Thread State
During the lifetime of a thread , it is possible to convert between multiple states. Different operating systems can implement different threading models, defining many different thread states, each of which
The
State can also contain multiple child states. In general, however, the following States are common:
ready: Participate in scheduling, waiting to be executed. Once selected, start execution immediately.
run: CPU occupied, running.
Hibernate: Temporarily does not participate in scheduling, waiting for a specific event to occur.
Abort: finished running, waiting to recycle threads Resources (Note that this is easily misunderstood, explained later).
Thread environment
thread exists in the process. All global resources within a process are visible to each internal thread .
There are several typical global resources within a process:
code area. This means that all the visible function code in the current process space is visible to each thread .
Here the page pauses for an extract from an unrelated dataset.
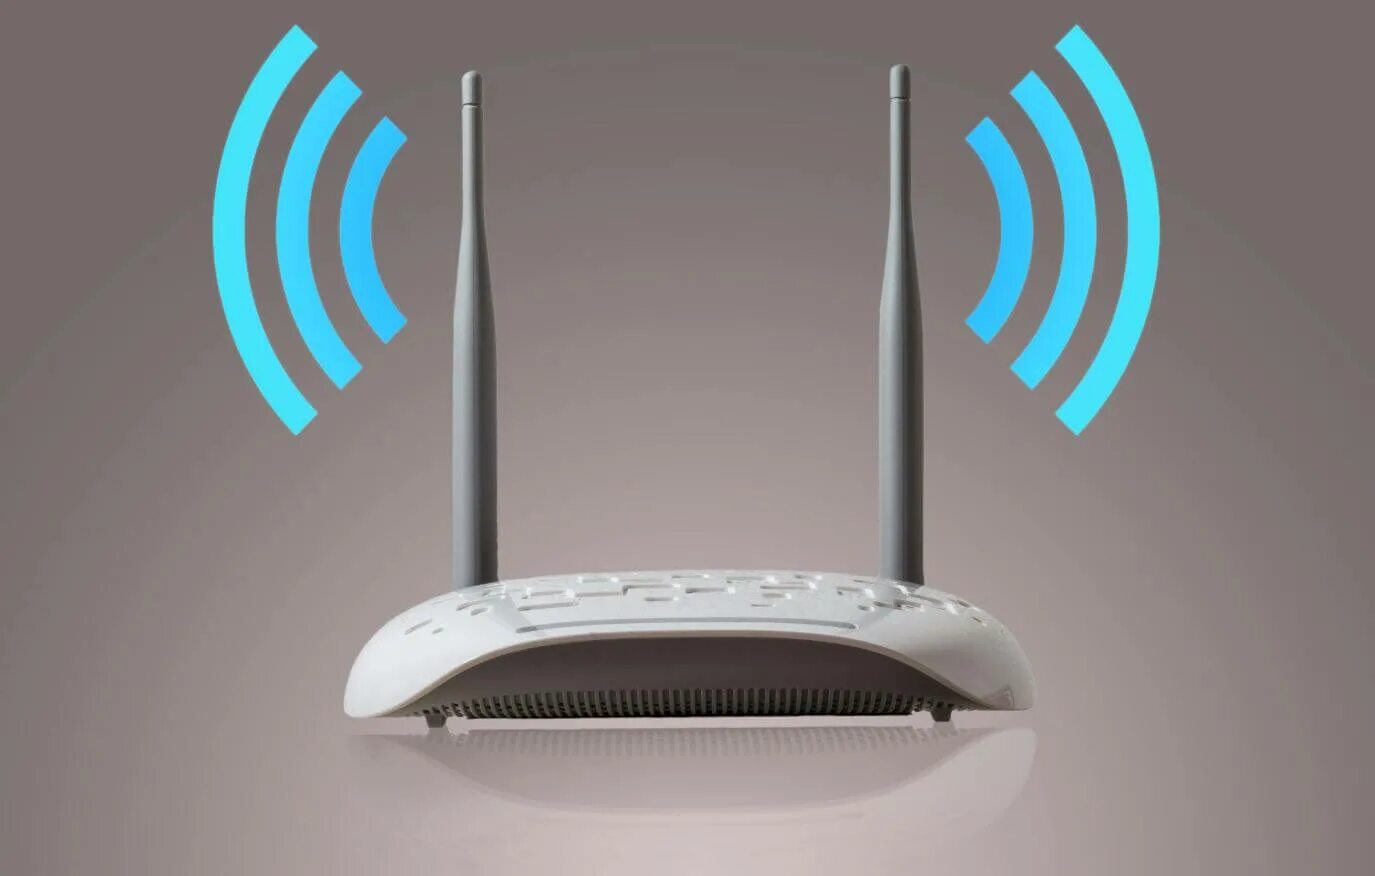 Wireless connection. Повторитель сигнала Wi-Fi. WIFI роутер 5g. Роутер со съемной антенной WIFI. Усилитель WIFI сигнала.

static Storage area. Global variables. static variables.
Dynamic Storage area. That is, heap space. Typical local resources in
threads are:
local stack space. The function call stack that holds the thread , local variables inside the function, and so on.
Partial Register variables. For example, this thread Next executes a pointer offset to the code.
Once a process is initiated, a default thread is generated first, usually called the thread as the primary thread . A thread that is entered through the main function in a C + + program
。 threads derived from the main thread are called from the thread, and the thread can have its own entry function, which acts as the main function of the master thread .
This function is specified by the user. Both Pthread and WINAPI are implemented by passing in function pointers. When you specify a thread entry function, you can also specify parameters for the entry function.
Just as the main function has a fixed format requirement, the thread 's entry function generally has a fixed format requirement, and the parameters are usually void * types, and the return type is
Pthread is void *, WINAPI is unsigned int, and it needs to be a global function.
The most common threading model, in addition to the main thread is special, once the other threads are created, the other is peer to peer, there is no implied
Hierarchical relationships. The maximum number of threads that each process can create is determined by the specific implementation.
In order to better understand the above concepts, the following specific code to explain in detail.
Thread class interface Definition
a thread class whatever task you perform, the basic commonality is
Create and start thread
Stop thread
There's also the ability to sleep, to wait, Can separate execution (a bit of a mouthful, explained later).
There are others that can continue to add ...
The concept of thread is abstracted, and you can define the following classes for it:
file thread.h
#ifndef __thread__h_
#define __ Thread__h_
Class Thread
{
Public:
Thread ();
Virtual ~thread ();
int start (void * = NULL);
void Stop ();
void sleep (int);
void Detach ();
void * Wait ();
Protected:
virtual void * Run (void *) = 0;
Private:
//This part of Win and Unix slightly different, first not defined, followed by separate implementation.
//By the way, I am not used to writing Chinese comments, here to better understand a
//point or choose Chinese.
...
};
#endif
The Thread::start () function is a thread -start function whose input parameter is an untyped pointer.
The Thread::stop () function aborts the current thread .
The Thread::sleep () function lets the current thread hibernate for a given time in seconds.
The Thread::run () function is a thread function call that implements a thread class.
Thread:: The concepts involved in thedetach() and thread::wait () functions are slightly more complex. Explain later.
The thread class is a virtual base class, and derived classes can overload their own thread functions. Here is an example.
Sample Program
Code written is not exquisite, violent type conversion more, welcome to have leisure class beautification, thanked the first.
File create.h
#ifndef __creator__h_
#define __creator__h_
#include <stdio.h>
#include "Thread.h"
Class Create:public Thread
{
Protected
void * Run (void * param)
{
char * msg = (char*) param;
printf ("%s\n", msg);
Sleep (100); Try canceling this line of comments to see how the results are different.
printf ("One day past.\n");
return NULL;
}
};
#endif
Then, implement a main function to see the specific effect:
File Genesis.cpp
#include <stdio.h>
#include "create.h"
int main (int argc, char** argv)
{
Create Monday;
Create Tuesday;
printf ("At the first God made the heaven and the earth.\n");
Monday.start ("Naming, day, and the dark, night, the first day.");
Tuesday.start ("gave the arch the name of Heaven, the second day.");
printf ("These is the generations of the heaven and the earth.\n");
return 0;
}
Compile and run, the program output is as follows:
At the first God made the heaven and the earth.
These is the generations of the heaven and the earth.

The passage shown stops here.